Tuesday, June 19, 2007

Women are dangerous

Starter: This is not a post about road safety.

I know what're you thinking, it's one of those anti-feminist-filled posts. But be surprised to know, this exact phrase came from a woman, an elderly one at that. She's my grandmother.
After visiting my mother in the hospital today, (yeah, she got admitted for spraining her back and taking overly strong medication - which by the way, wasn't confirmed to be correct till the time of writing - causing extreme nausea leading us to the emergency ward at 9.45 a.m.) I had lunch with my grandma and Batman. While talking about future plans and such, the 'women' topic crept up. My grandmother preached about how 'men at this age' should not stick to one girl, and have many girlfriends. "When the time is right, and the pocket is aptly packed, then you choose..", she concluded. Having been trained to question throughout my engineering courses, I asked "Why?"

"Because women are dangerous!", says her. Then came the talk about 'girls from China' which just left me shaking my head, as though seeing flashes of TheStar frontpages in my mind.

Later that evening I met up with my ex-Semenyih-housemates and were discussing about matters close to the heart (i.e. girls, money..and stuff). One of our friends was recently involved in a very dramatic relationship with someone whom he thought the world of. Why such a dramatic word like dramatic, you ask. Well, picture this. The perfect combination of romantic scenes from TVB series (i.e. romantic moments on the rooftop, 'electricity' running so high it lights us spotlights up, sweetness that could lead to diabetes) and the all-in-one drama from Bollywood movies (e.g. 3rd parties, singlehood, love, hate, jealousy, persistence, angry parents.. minus the dance crew and the *deng-e-degechak-e-denge-deng-..* music). I feel proud to have been in such epic sequels of which we fondly referred to as Episodes I-VI.

Thing is, it was over as fast as it began.

When I heard it, my face was like [center]..
Which way would you've went?
I went both.

I always thought, the harder someone works for something, the more he/she'll appreciate and treasure it. Just like durians. You go through a mindfield to get it, face the spikes, precise aiming and brute strength just to taste the.. (seriously, just drooled inside) .. the sweetness of it all. This did not make sense as I thought this one'd last, at least for sometime.

Though I'm sparing verbal details, I'm posting this picture for you to assemble the pieces. This was drawn by this friend of mine which perfectly depicts the story. So go figure and you can comment your guesses, haha.

Now, now. This is not to say menkind is all good either. Chauvinists, perverts, jerks, sexists, pigs, asses, and the list gets wilder. Heard most of them. The main difference is that (most) men are terribly honest about it. If I'm an ass, I'll say I'm an ass. My friends know I'm an ass. A bundle of asses, we are. We admit n accept, n' get along. I know this may annoy some women as to, "Then why don't you change?!". Well, so long as it's not bad for our health, doesn't kill and/or hurt anyone, it's fine by us. What would the fairer sex do?
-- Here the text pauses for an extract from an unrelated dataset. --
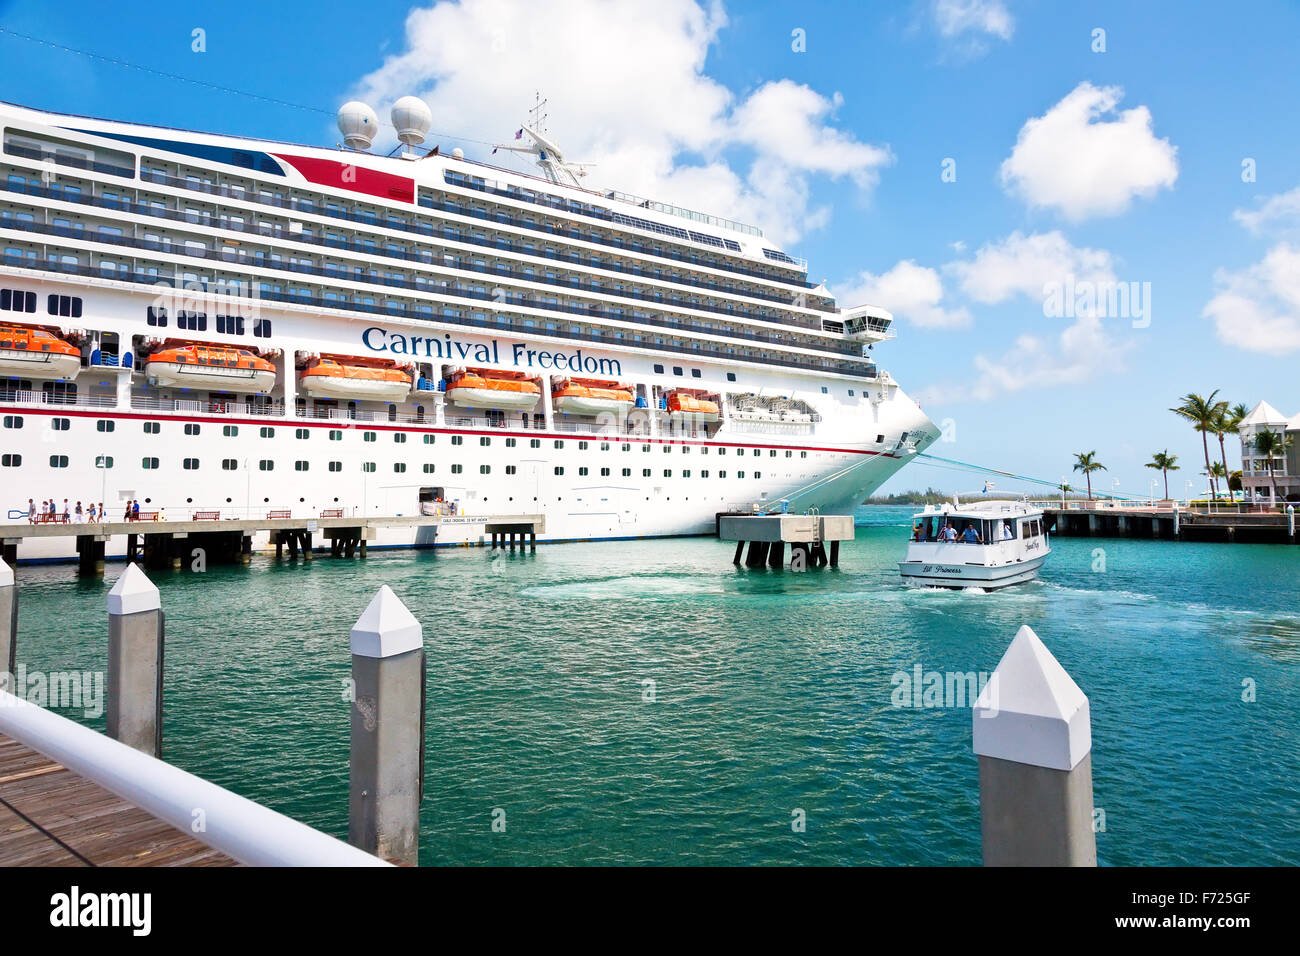 Carnival-Kreuzfahrtschiff, das Freiheit, verankert in Key West, Florida. Stockfoto

Be honest now.

From this, I've (re)learnt a few things:
  1. Women are dangerous to a certain extent (for personal confrontation, call me and we'll have a go at this one, hah)
  2. When the going gets tough, you gotta think of yourself first i.e. survival of the fittest
  3. If it could happen to him/her, it could happen to you
  4. (as above) One thing i know for sure, is nothing's for sure
  5. Blood is thicker than water ('brothers' included =)
But all men are well versed with this phrase: Women - can't live with them, can't live without them.

Because we are men
(extracted from a joke by Allan Pease)

If we work too hard, there is never any time for her and the kids; if we don't work hard enough, we're good for nothing.
If a man gets a promotion ahead of her, that is favouritism; if she gets a promotion ahead of a man, that is equal opportunity.
If a man thumps her, that is wife bashing; if she thumps him, that's self defence.
If he asks her to do something she doesn't enjoy, that's domination; if she asks him, it's a favour.
If we try to stay in shape, that's vanity; if we don't we're slobs.
If we buy her flowers, we're after something; if we don't, we're forgetful.
If she has a headache, it's because she's tired; if he has a headache, he doesn't love her anymore.



P.S. : On a lighter note, Happy Father's day to all fathers!
PP.SS: Btw, my mom has been discharged from the hospital now and is thankfully better now.

2 comments:

Anonymous said...

sue the doctor for giving such strong medication. doctors in malaysia ALWAYS prescribed strong and unnecassary medicines. conclusion: question the doc the next time they prescribe any medicine.hahhaha...and u hav the option not to take it.

justinwong said...

Hmm, but I reckon my mom did take the medicine before. But I guess it was necessary then.
Haha, on the other hand, if the doctor beng after I question him, I'm afraid he'll do more than spit in my medicine u know...
Take also teruk, don't take also teruk.

Conclusion : It's up to you pharmacists to fix this problem!